Pitch 1: Begin on an open book at the north end of The Sentinel (west face). First 15 feet or so are difficult to protect but go at about 5.5. Continue through the offwidth section (5.6) and place a #4 Camalot. Continue up and right through some bushes through easy 5th class and trend right to a tree with some webbing wrapped around it. Belay here.

Pitch 2: Continue up from the tree, trending slightly left. Pass through some loose rock (can be difficult to protect) through some 5.5 or 5.6 climbing, placing pro where you can. Continue up through the offwidth (need #5 cam to protect) to a ledge, and then right to another ledge. Belay here (can use cordelette off rocks for anchor).

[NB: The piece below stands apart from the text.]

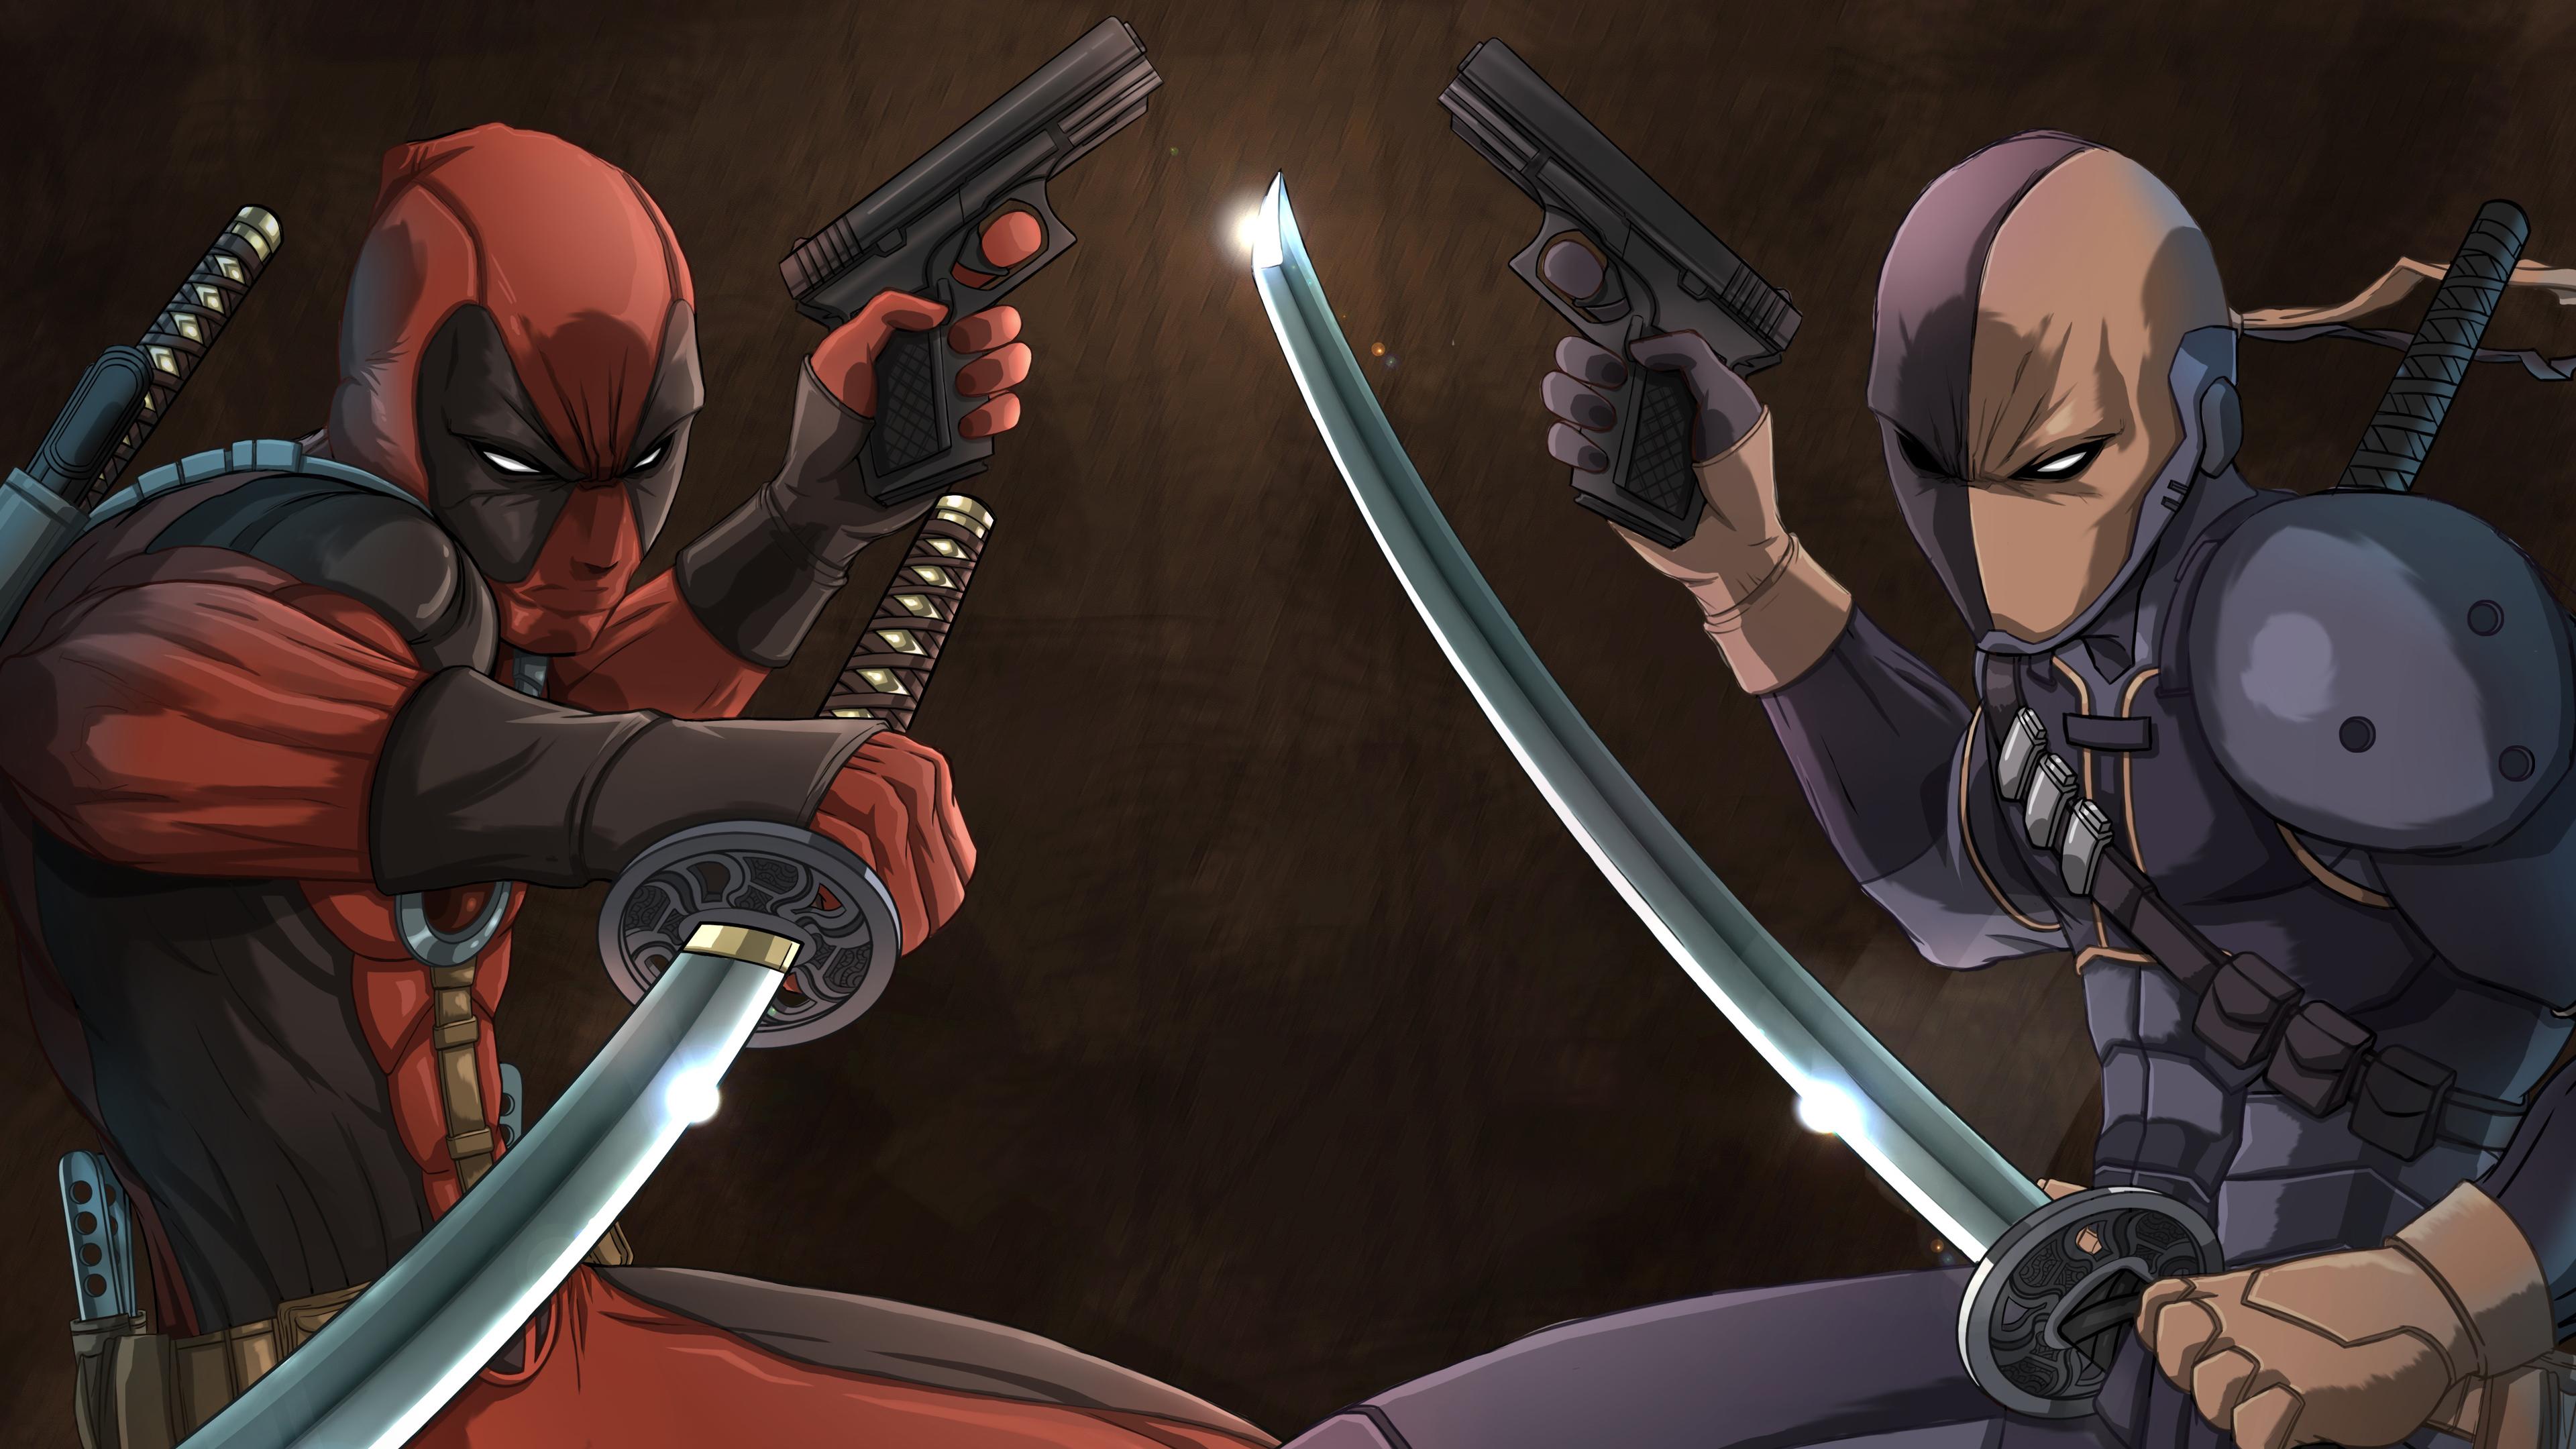 deadpool vs deathstroke 4k 1541294332 - Deadpool Vs Deathstroke 4k - superheroes wallpapers, hd-wallpapers, digital art wallpapers, deviantart wallpapers, deathstroke wallpapers, deadpool wallpapers, artwork wallpapers, 4k-wallpapers

Pitch 3: Continue up easy 5th class to the summit. Could do the climb in two pitches with a 50m rope, but rope drag may be nasty.


Gear: Single set #.4-#5 Camalot

Anchors: Can use webbing/ cordlette around summit boulders

Descent: Walk of the south end of the formation (exposed 4th class), or rappel down Lost Ledge route (south end) with two 60m ropes. There was some new webbing with rap rings already placed when I climbed it (9/2005).


Bill Lawry
New Mexico
  5.7+ PG13
Bill Lawry   New Mexico
  5.7+ PG13
Most of the P2 climbing seems directly above the belay tree. If climbing with a party larger than two, the looseness early in P2 is all the more worrisome. Still, I think this is a route worth repeating.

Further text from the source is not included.